The negative reviews of Čáp's work occurred mostly during the times of 1960s, 70s and 80s Yugoslavian film criticism. The orthodox communist reviewers saw in it a bourgeois threat to socialist values, and a conservative return to the middle class phantom concepts (e.g. The idea of innocent romantic love).[5] They also minded Čáp's comedies' prevailing themes of spoiled youth and their sexual awakening in Vesna and Ne čakaj na maj.[6]
The name object of early criticism, however, was the misrepresentation (or lack of representation) of Slovene culture in Čáp's cinema, especially in the hugely popular comedies. A number of reviewers saw Čáp as a foreigner who has never assimilated to Slovene culture. They resented that the films were not specific enough and could be set anywhere in Central Europe. These reviews seem traditionalist and xenophobic from contemporary point of view. Contemporary Slovene film theorists have largely praised Čáp's "foreignness" or "otherness", reasoning that his ignorance for regional values and conflicts has actually helped him to maintain the necessary objective distance and his particular sense of film direction and storytelling.[5]
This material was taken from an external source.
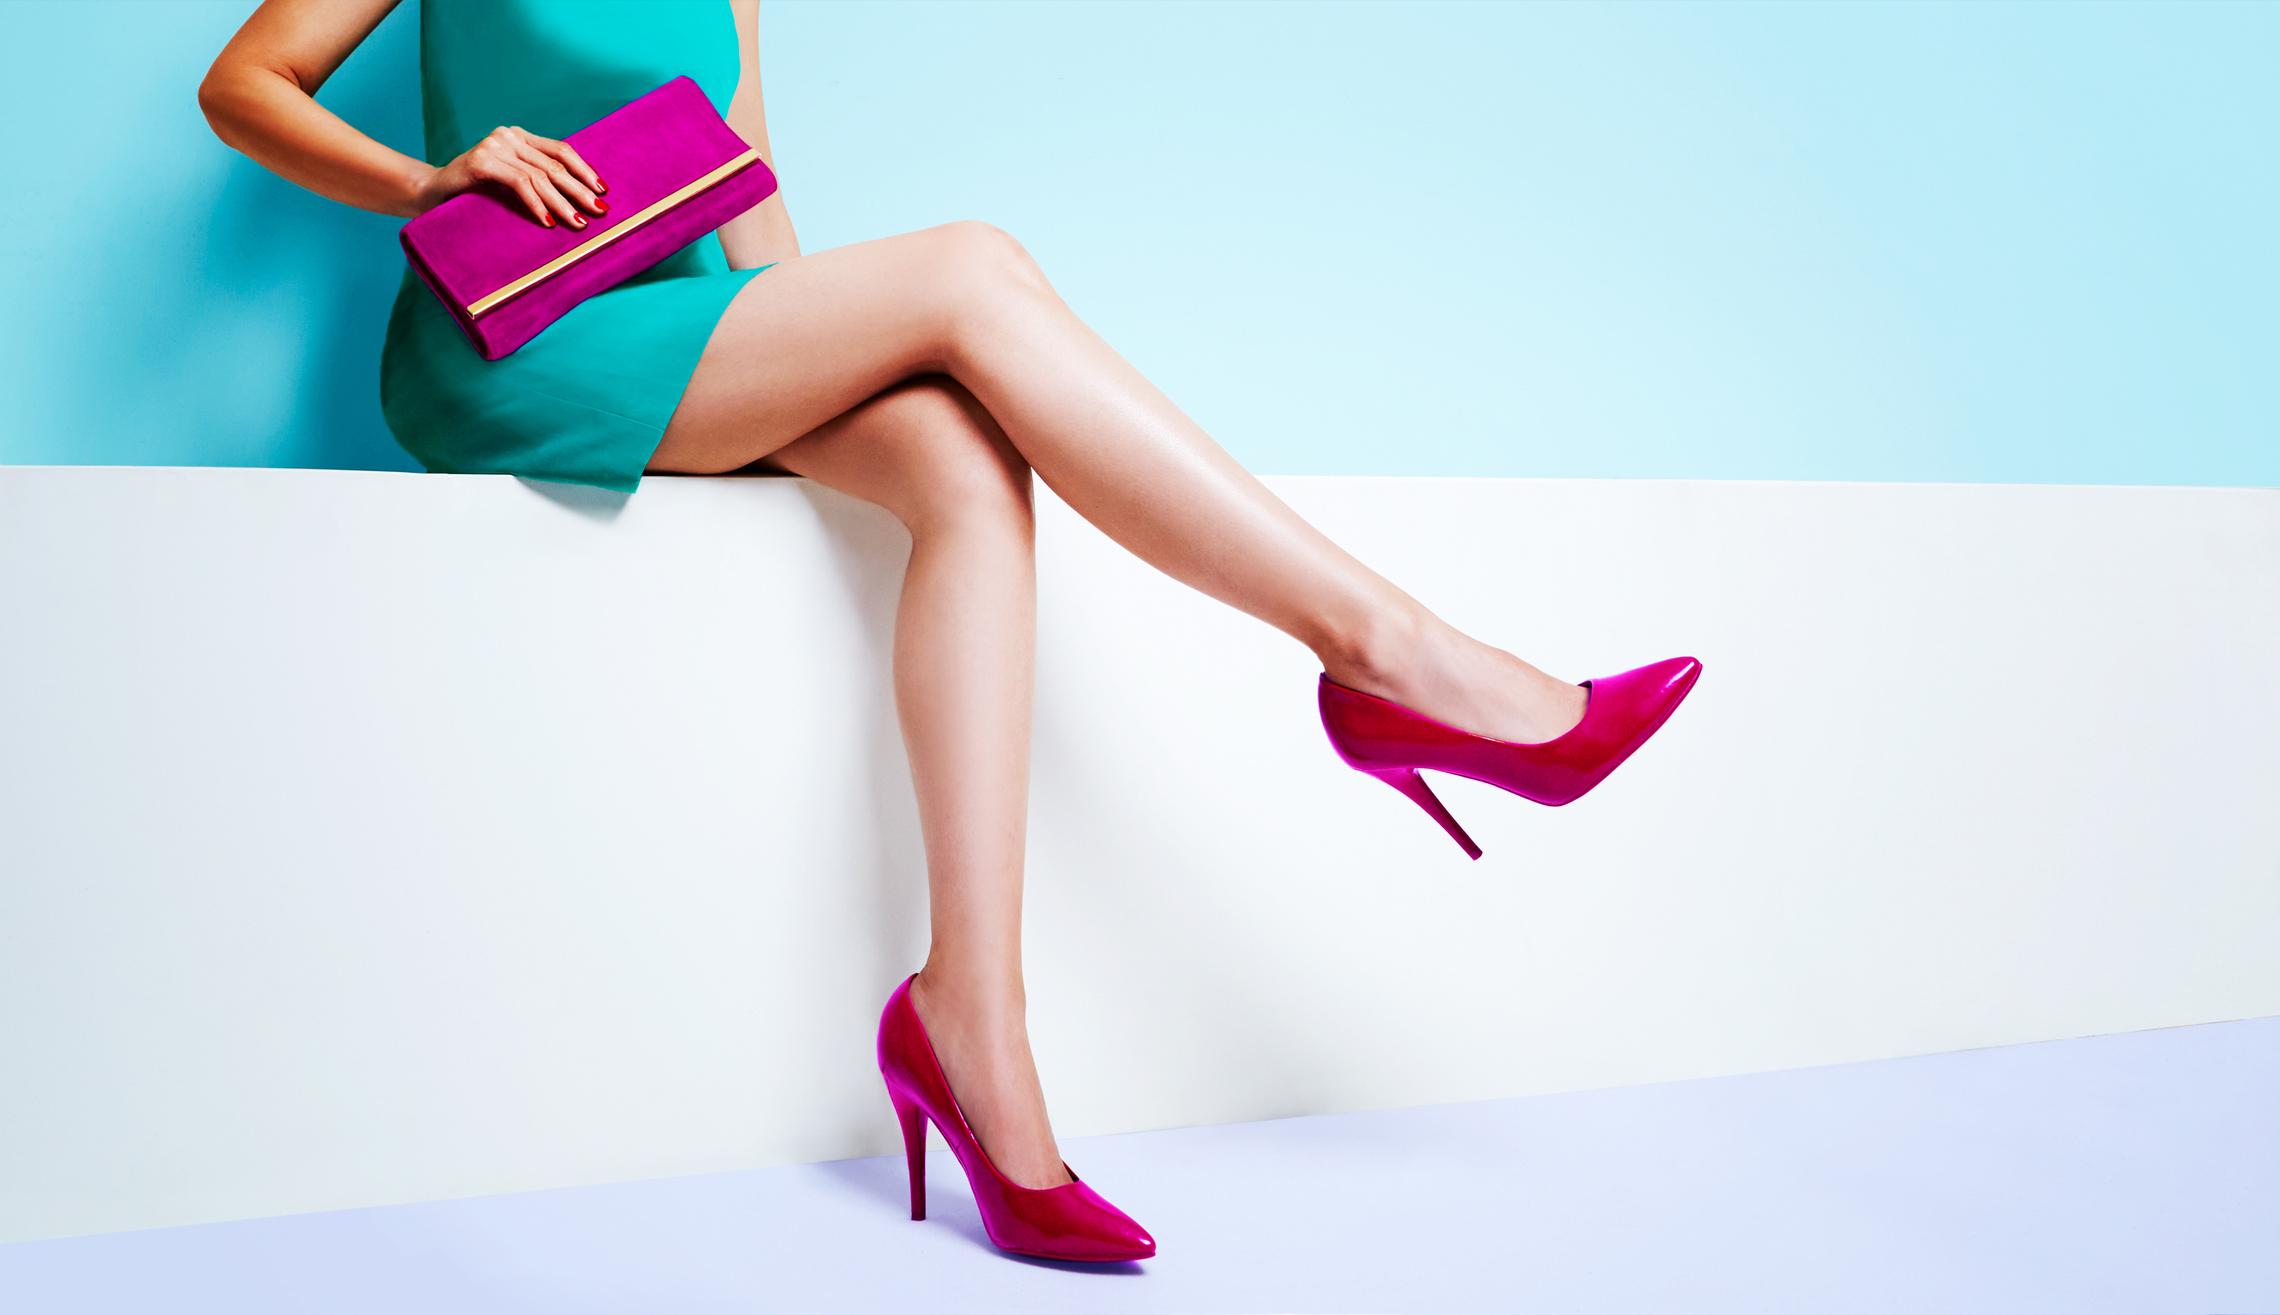 fehérnemű visszeres lábak számára reklám a visszérkrémről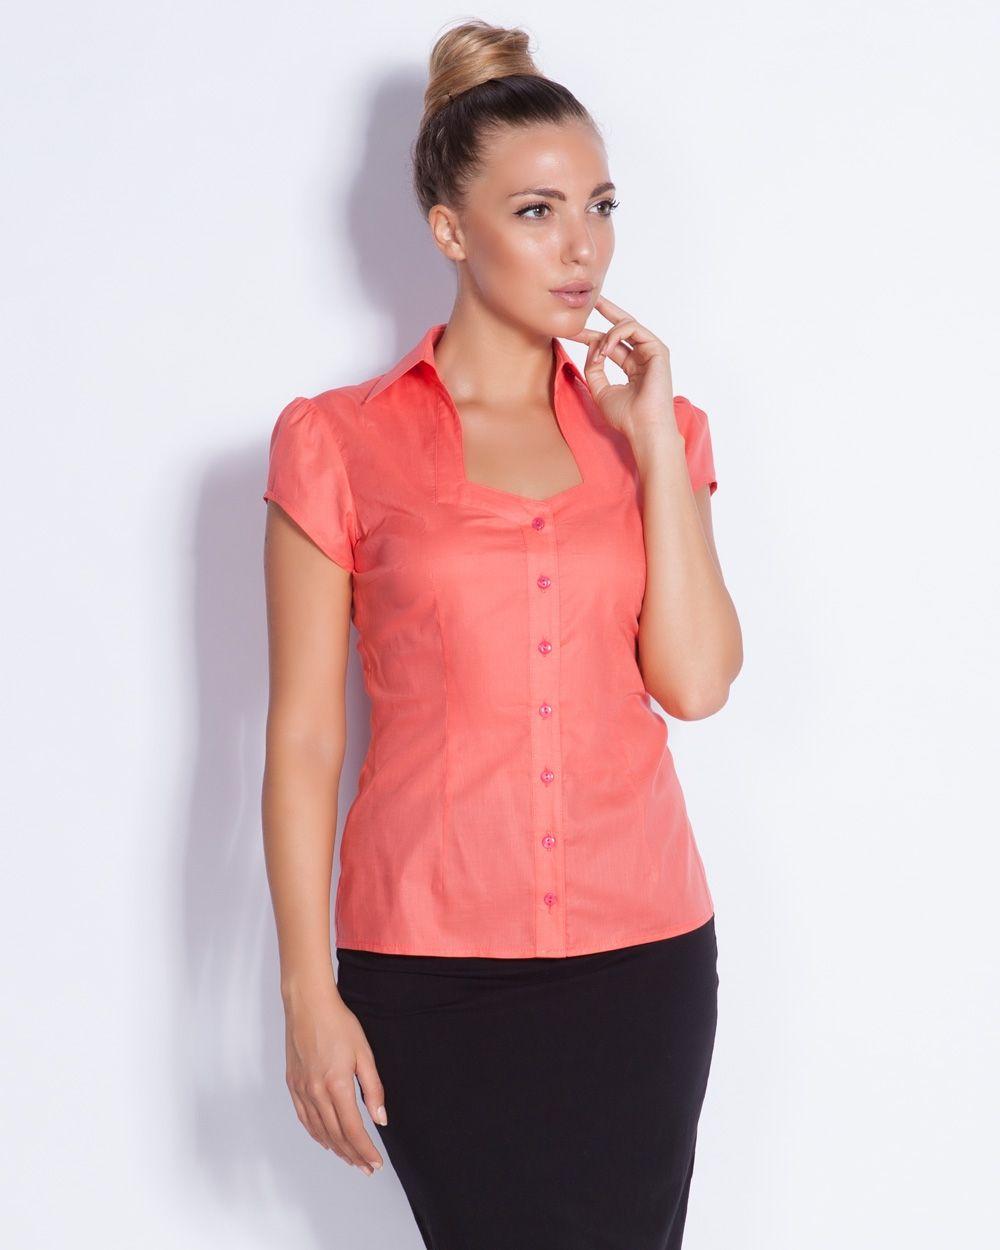 Коралова дамска риза - Prudence #онлайн #пазаруване #дрехи #риза #късръкав #корал

Contrary to complaints regarding the generic nature of the films, it is well recognized that Čáp contributed drastically to the adaptation of the Slovene language for cinematic use. The dialogues were fluent and had substance, there was plenty of wordplays, verbal comedy, urban slang and authentic regional accents. The dialogues from Čap's comedies came into general usage and became items of universal joking across generations and nation. Whereas Slovene in pre-Čap cinema had not functioned well, Čáp invented a slang liberated from constraints of purism and theatricality. Thus the director, while being attacked for directing un-Slovene films by many reviewers, in fact enriched Slovene language and culture.[7]